Dark energy and the fate of the universe
My research focuses on optimizing methods for detecting signatures of time-varying dark energy in observational data, as well as developing techniques for interpreting what those patterns tell us about the finer details of its evolution. By distinguishing between a cosmological constant and different forms of dark energy, we move closer to a true understanding of what the future has in store for our universe.
The standard model of cosmology assumes that the accelerated expansion of the universe is driven by a cosmological constant—a form of energy intrinsic to the vacuum, with a constant density throughout space and time. If this is the case, then the acceleration of the universe will continue indefinitely, eventually stretching space so much that all but the nearest galaxies will vanish from our sight.
On the other hand, if this acceleration is caused by a dynamic field of dark energy—one whose density evolves over time—then the expansion of space could stabilize, return to a decelerating trajectory, or even reverse into an era of cosmic contraction.
The universe before the Big Bang
Rather than being born in a singularity, it's quite possible that the universe has an infinite past. In many theories attempting to adapt the equations of General Relativity to higher temperatures, this infinite past is manifested by connecting the past 14 billion years of expansion with a preceding epoch of cosmic contraction.
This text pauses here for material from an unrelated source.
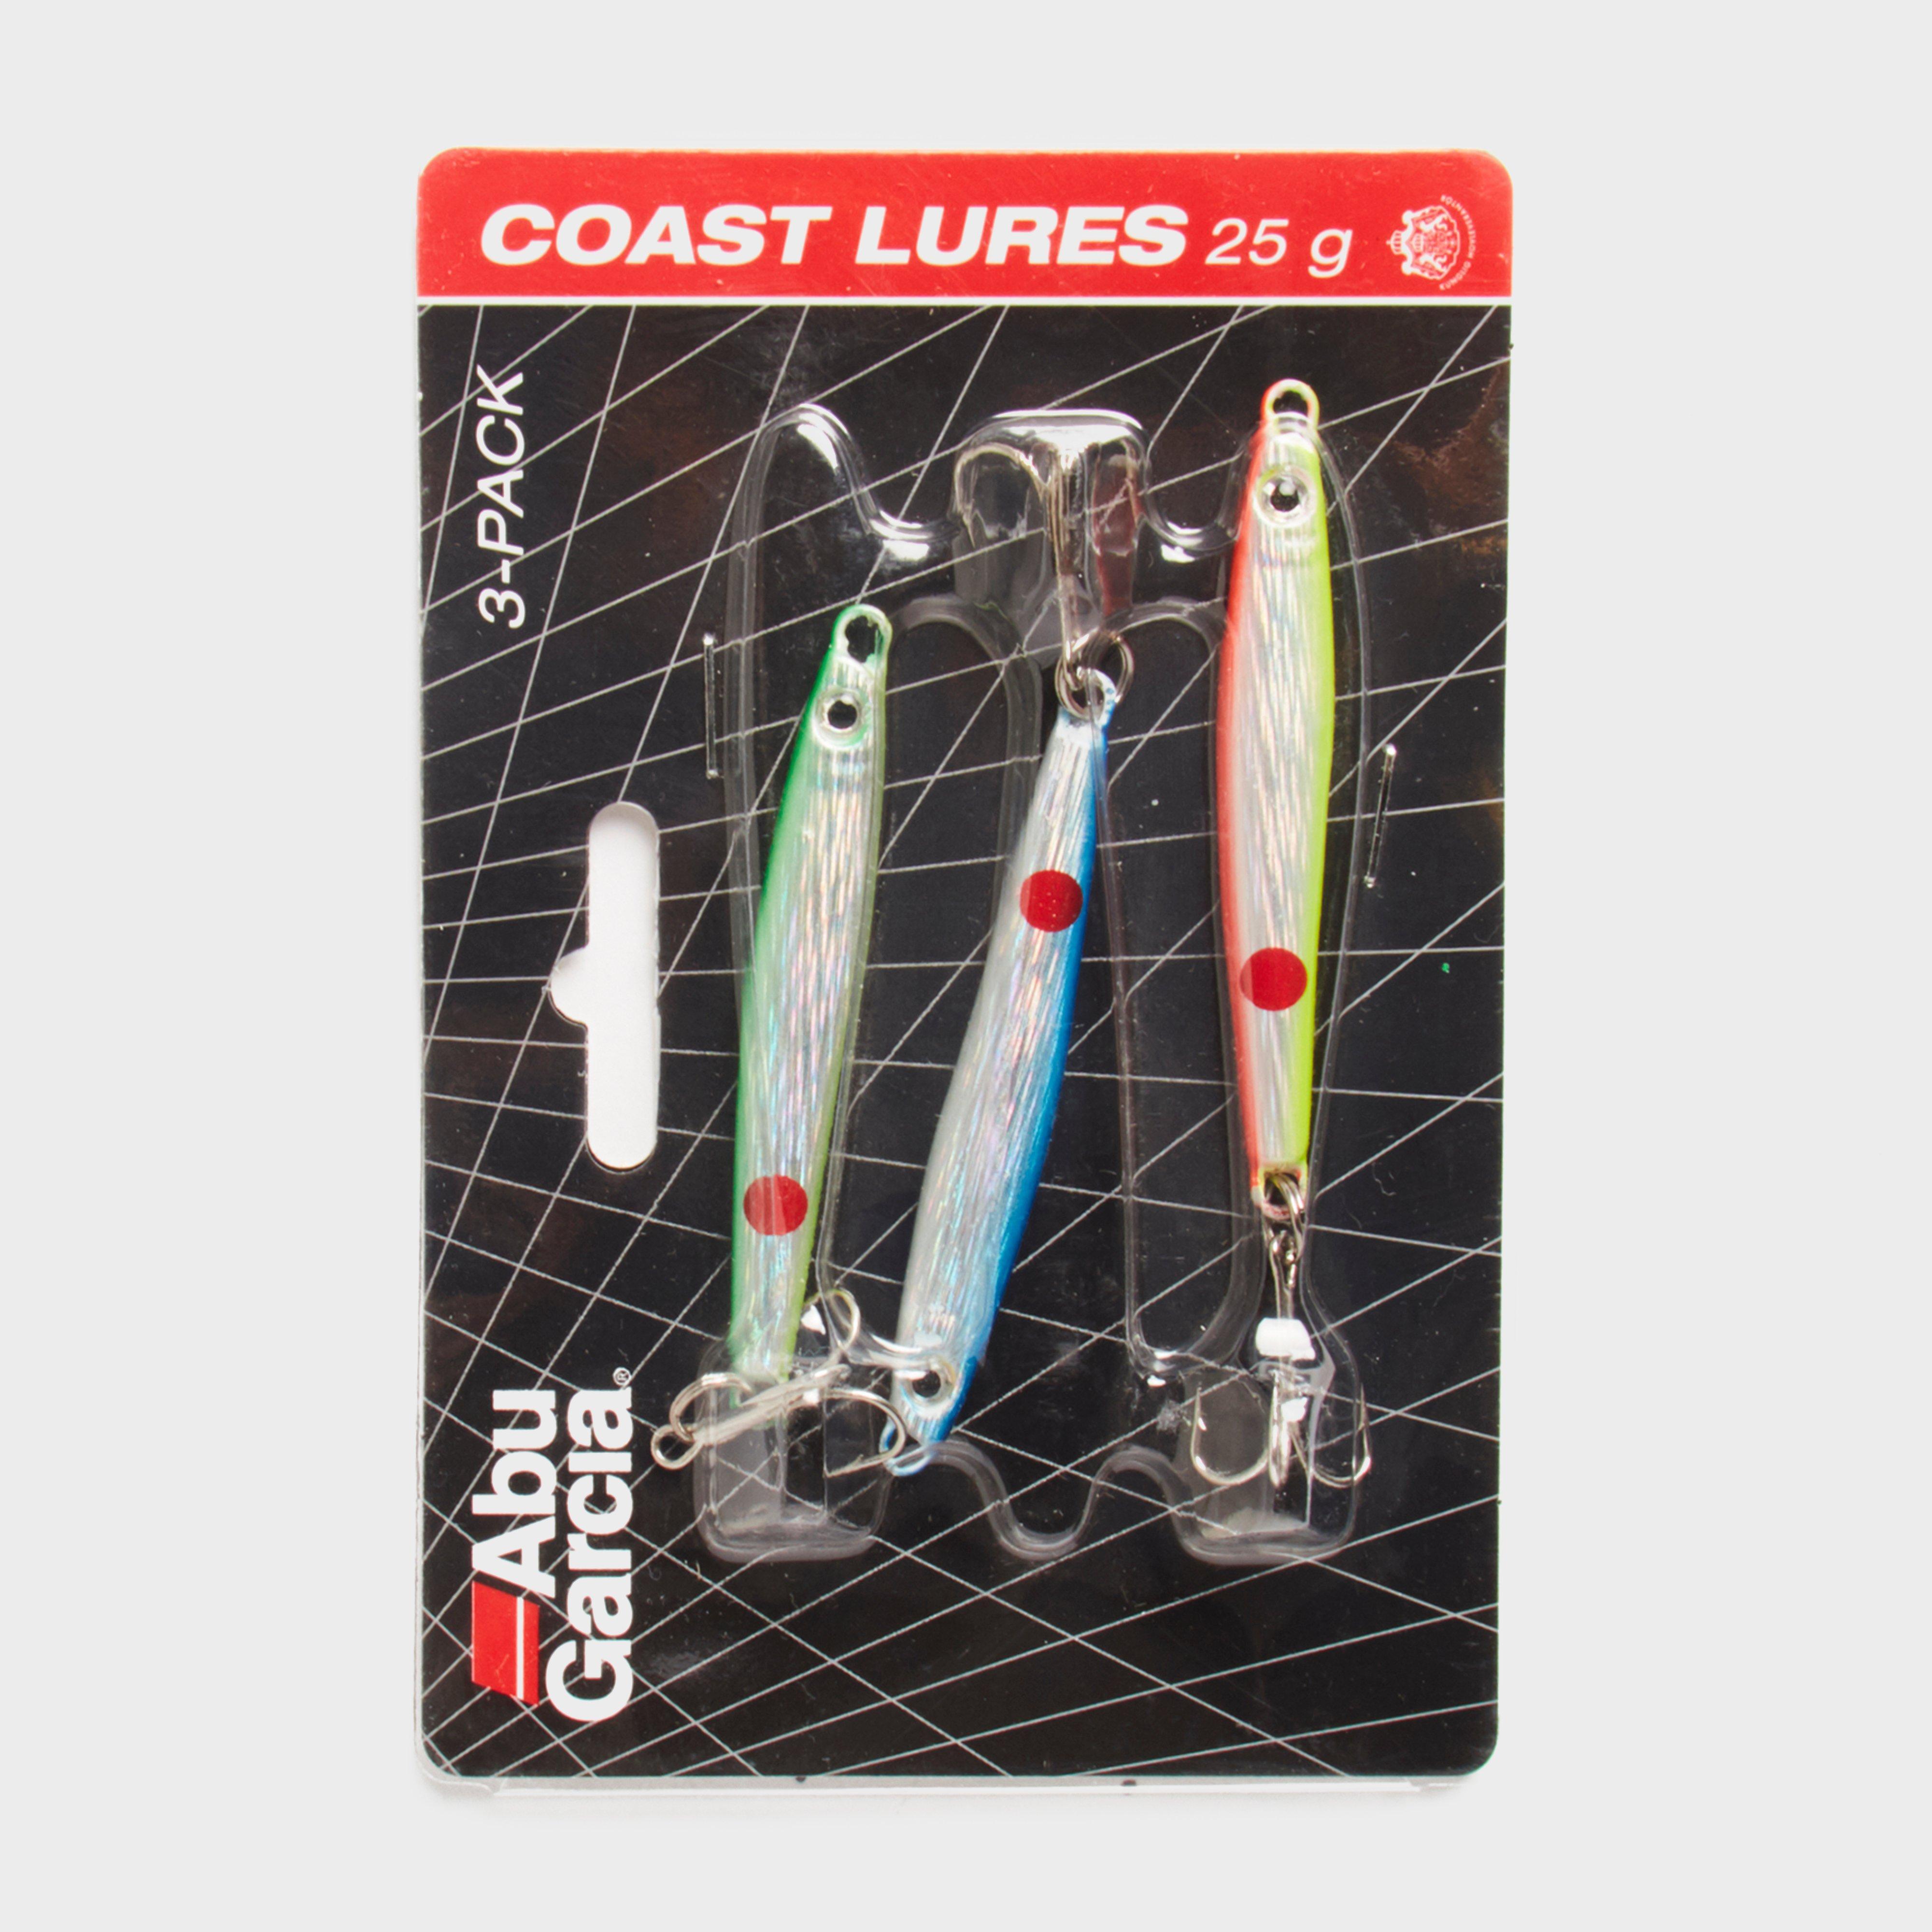 Abu Lures Assorted Coast Lures 25g Review

This possibility is extremely exciting, because it opens entirely new avenues for explaining conundrums at the heart of cosmology that have remained unsolved for the better part of a century.
Measurements of the chemical composition of the universe let us probe the state of the cosmos at very early times—all the way back to just one second after it started expanding. That's how we know that by the time the universe was one second old, it was already entirely thermalized, filled uniformly with plasma at a nearly constant temperature throughout. It was also spatially flat, isotropic, and void of magnetic monopoles. Decades have been spent trying to explain how these unusual properties could have been generated in less than a second of expansion through cosmic inflation, but the initial successes of these theories have been followed by credible concerns about fine-tuning, multiverses, and non-predictivity.
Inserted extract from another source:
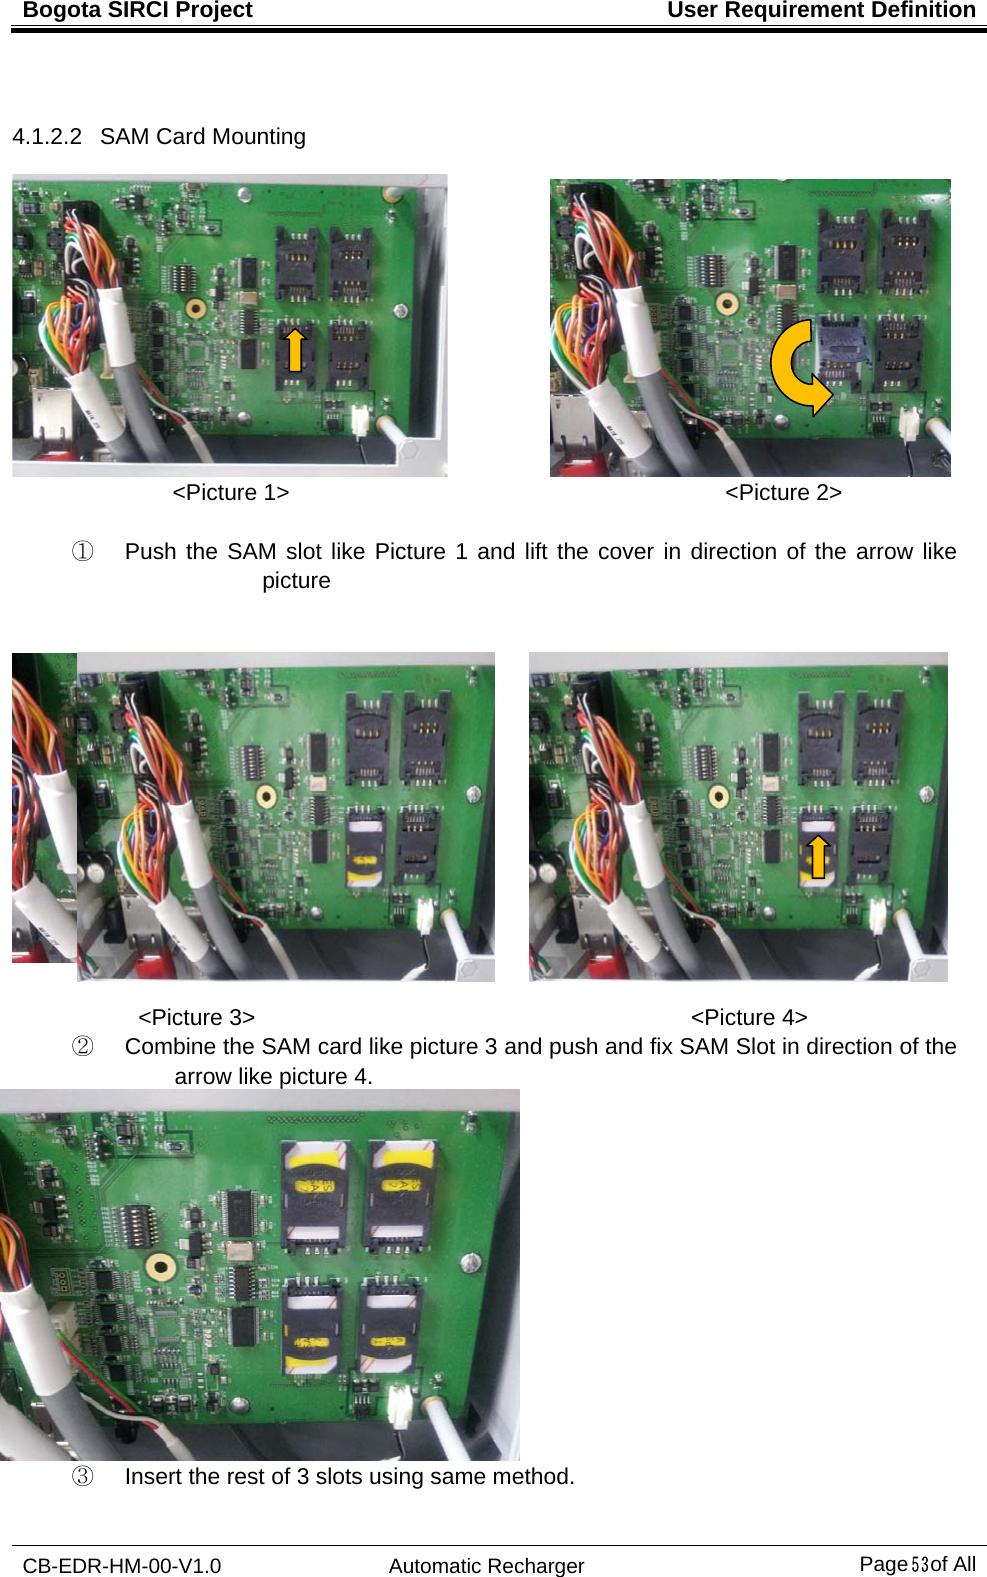 Bogota SIRCI Project  User Requirement Definition CB-EDR-HM-00-V1.0 Automatic Recharger Page５３ of All  4.1.2.2   SAM Card Mounting            &lt;Picture 1&gt;                                      &lt;Picture 2&gt;  ①  Push the SAM slot like Picture 1 and lift the cover in direction of the arrow like picture      &lt;Picture 3&gt;                                      &lt;Picture 4&gt; ②  Combine the SAM card like picture 3 and push and fix SAM Slot in direction of the arrow like picture 4.    ③  Insert the rest of 3 slots using same method.

By leveraging the billions of years of contraction that may have preceded the current phase of expansion, cosmologists have proposed alternative explanations for the unusual state of the early universe that manage to avoid these concerns. My research has built on an alternative known as ekpyrotic contraction, in which the universe is permeated by a scalar field that gains a tremendous amount of energy during the contracting phase. The dynamics of this field cause the universe to flatten and thermalize, and the field later decays homogeneously into matter and radiation. While this type of theory comes with its own cosmological challenges, it is still in the early stages of development and there is much room left for exploration and innovation.
Using the equations of General Relativity, the observed expansion of the universe can be traced back 14 billion years into the past, through a regime where the universe was smaller, hotter, and denser (forming the basis of the Big Bang Theory), and culminating in a point of zero size and infinite temperature and density (the Big Bang Singularity). While the Big Bang Theory is backed by incontrovertible observational evidence, the Big Bang Singularity is not as much a realistic prediction of General Relativity as it is an indication that the equations become unreliable at high temperatures.
Cosmology informed by string theory
At the same time, explorations of string theory (and quantum gravity more generally) have led to a number of conjectures about the kinds of physics that we should not expect to observe in our universe. These so-called Swampland Conjectures suggest that a broad range of effective field theories that appear theoretically sound in the low-energy limit may actually be incompatible with an ultraviolet quantum-gravity completion.
From the perspective of a cosmologist, the Swampland Conjectures are useful for narrowing down the vast array of possible explanations for the homogeneity of the early universe and for its present-day acceleration. My research has shown, for example, that the Trans-Planckian Censorship Conjecture rules out the use of axion-like fields to drive cosmic inflation and additionally constrains axion-based models of dark energy.
While string theory has not yet produced any concrete, testable predictions, it has certainly provided broader hints of the kinds of new physics we might expect to observe in our universe. One example is the presence of axion-like fields (pseudoscalar fields with periodic potentials), which arise generically as a consequence of compactification from the nine spatial dimensions of string theory to the three macroscopic dimensions in which we live. Depending on their mass and decay rate, axion-like fields can play many different roles in cosmology: They are a popular candidate for dark matter, and they could also (temporarily) drive a period of cosmic acceleration.